Once you get used to Qt it's quite a pleasant experience IMO, but the learning curve to get to that point can be a little rough. As you say, it has a consistent API, and once you get used to its quirks (QObjects, the MOC etc.) it's nowhere near as painful as it seems at first. It's not great if you just want to get something up and running quickly, as you have to learn its "philosophy" before you can make any real progress. The licensing looks pretty painful to deal with from a commercial standpoint, and I fully appreciate that can be an issue in a number of situations.

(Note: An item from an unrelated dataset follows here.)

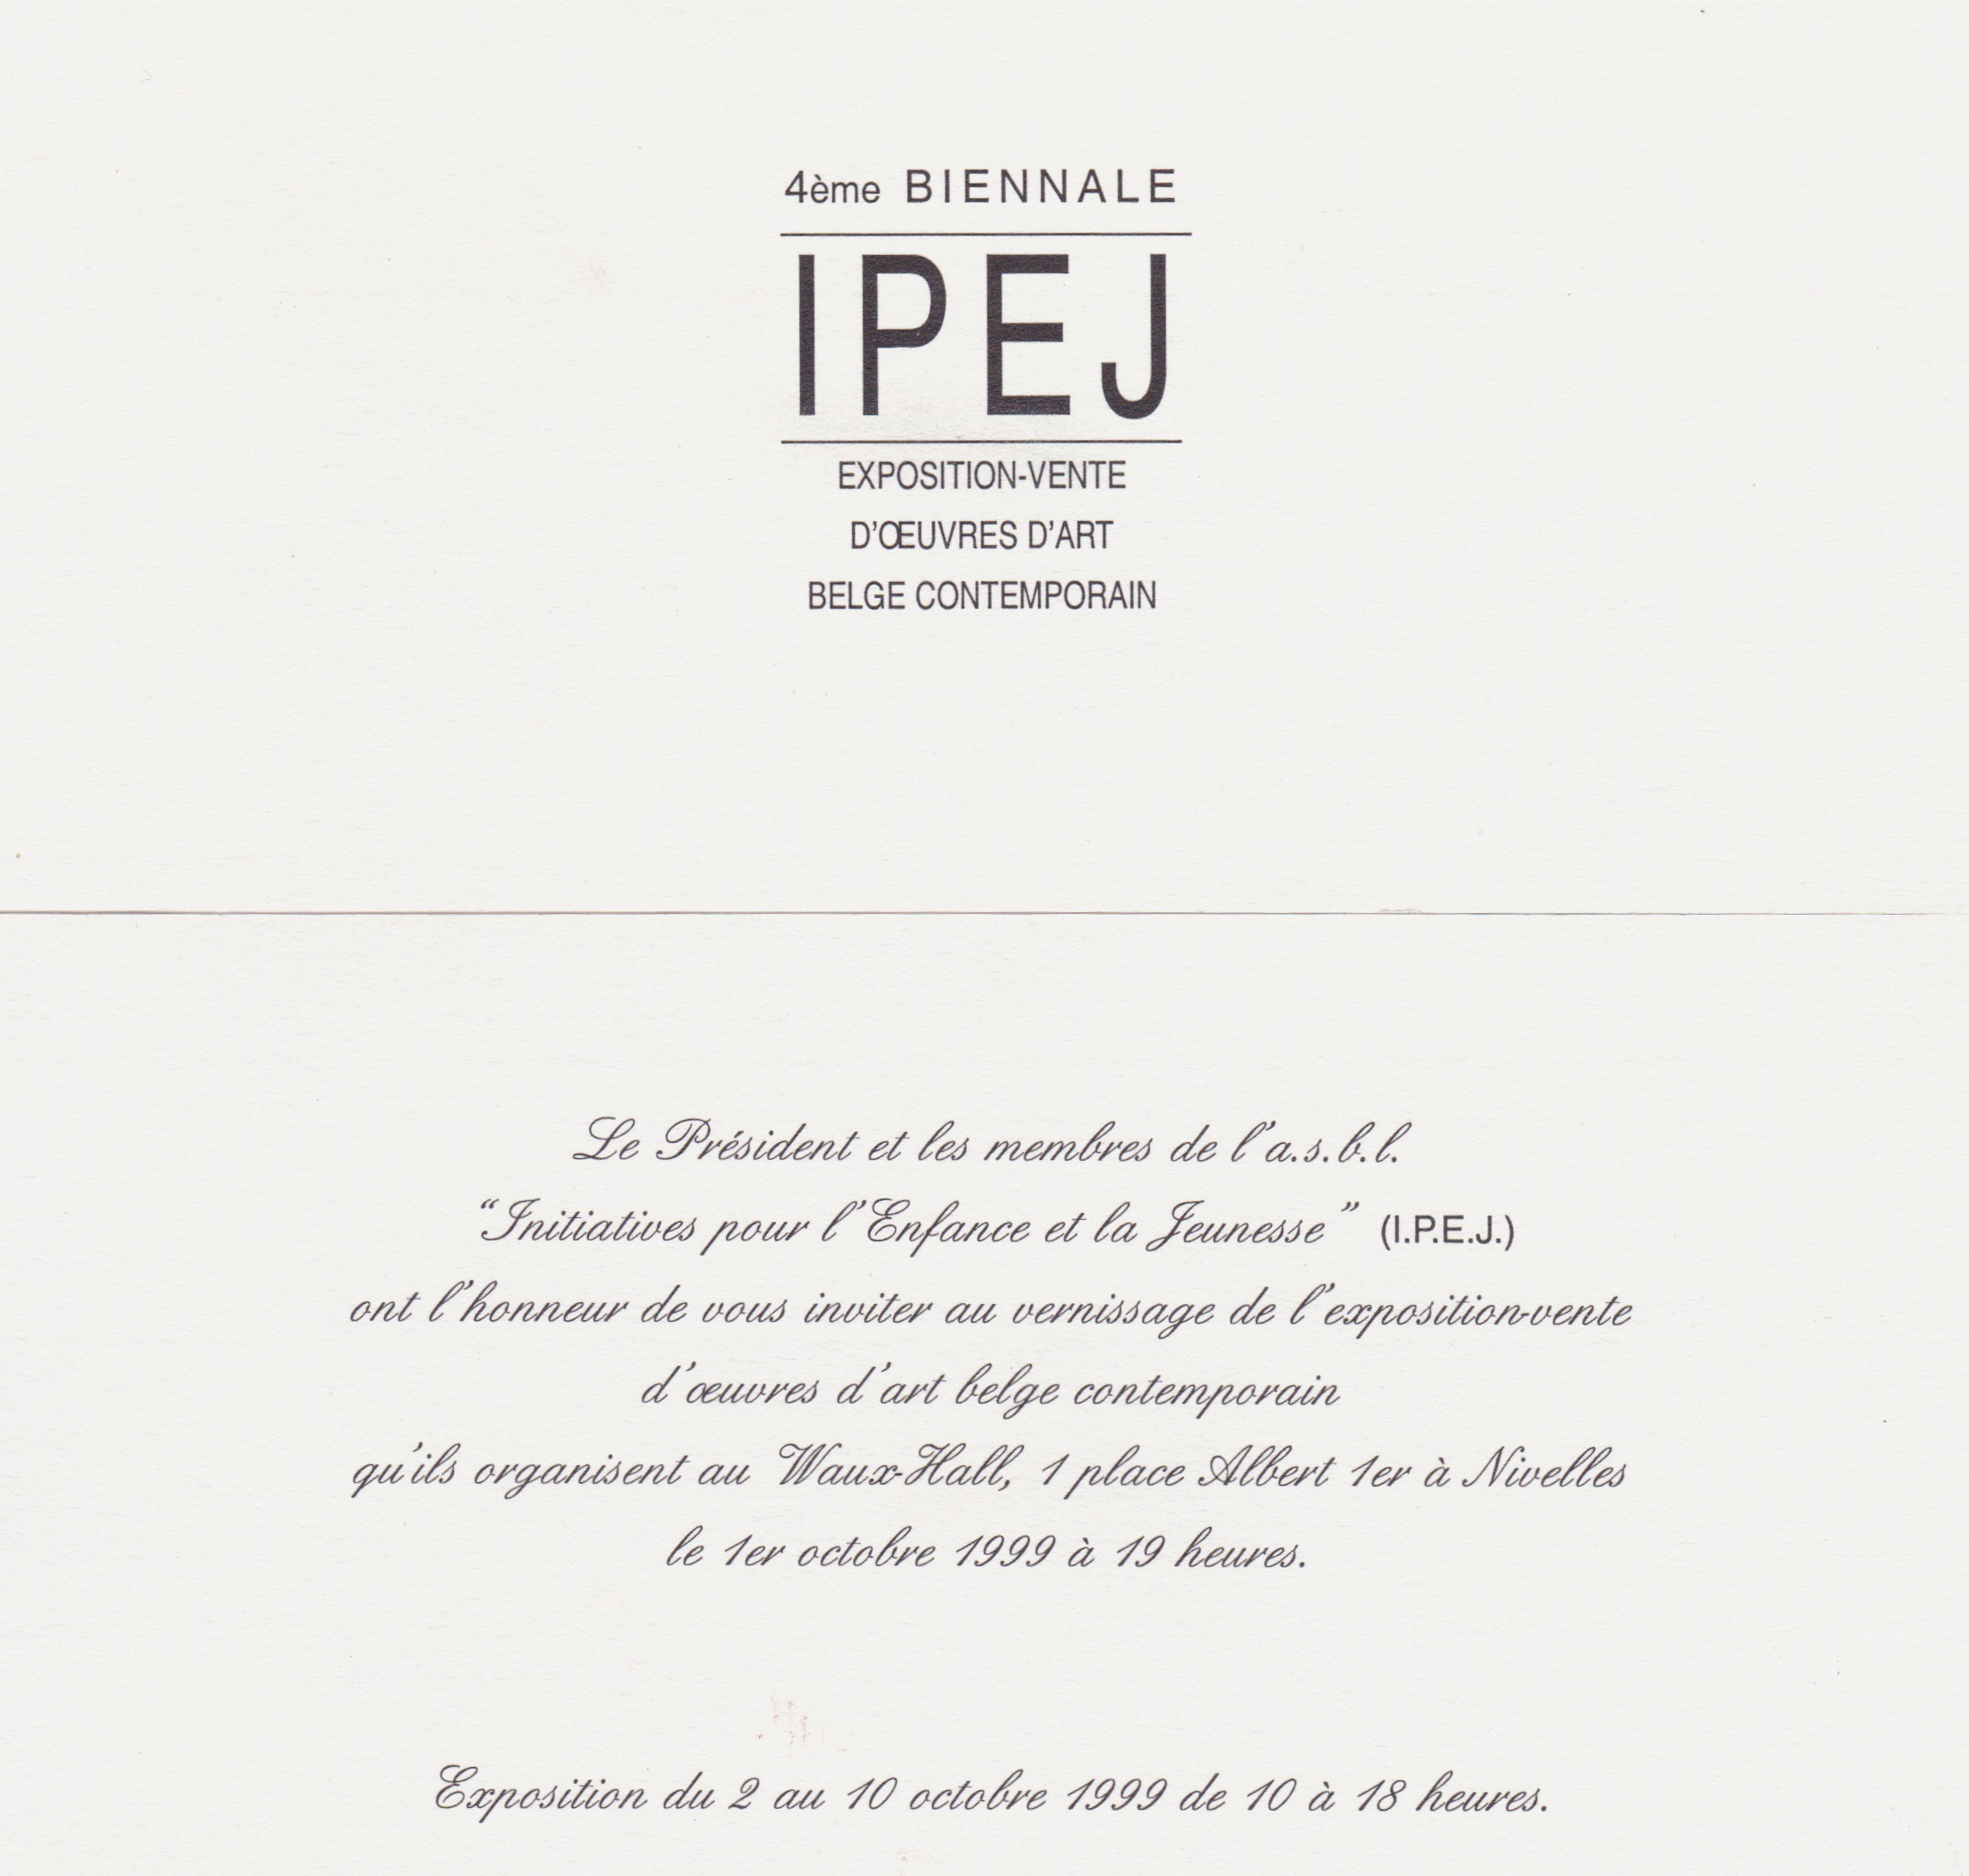 1999, 4ème Biennale IPEJ

Qt is great. I use it to write a program running on Raspberry 4 and communicating with three ESP32 boards over SPI channels. Hier you have everything you need, the Qt IDE for Raspberry and all possible open source C/C++ libraries
This was a great intro to imgui! As someone who knows just enough C++ to get into trouble, a video on setting this up from scratch would be greatly appreciated!
always good to see a vid from the Cherno. Huge contribution to all of us that want to learn and grow from people like u. Thanks for the effort as always
I love Qt, and I think it's important to use mature frameworks that support accessibility options and proper system integration and theming. Using some bespoke little framework can often be easier for simple projects, but often skips many big underlying features that are crucial to lots of people.
This was a super liberating tutorial. The way you frame these processes and the fast pace at which you manage to successfully convey advantages and disadvantages to different options is something I don't see on TH-cam that often. Probably going to be doing some in-depth code-alongs with your work in the near future. Well done, bud.
The only problem I see with ImGUI is, that it doesnt integrate with any native gui toolkits. Everything is client side rendered and it will not look like a native application on *any* device. If you don’t care about that (and for many usecases you probably won’t, including gameengines obvsly) its awesome.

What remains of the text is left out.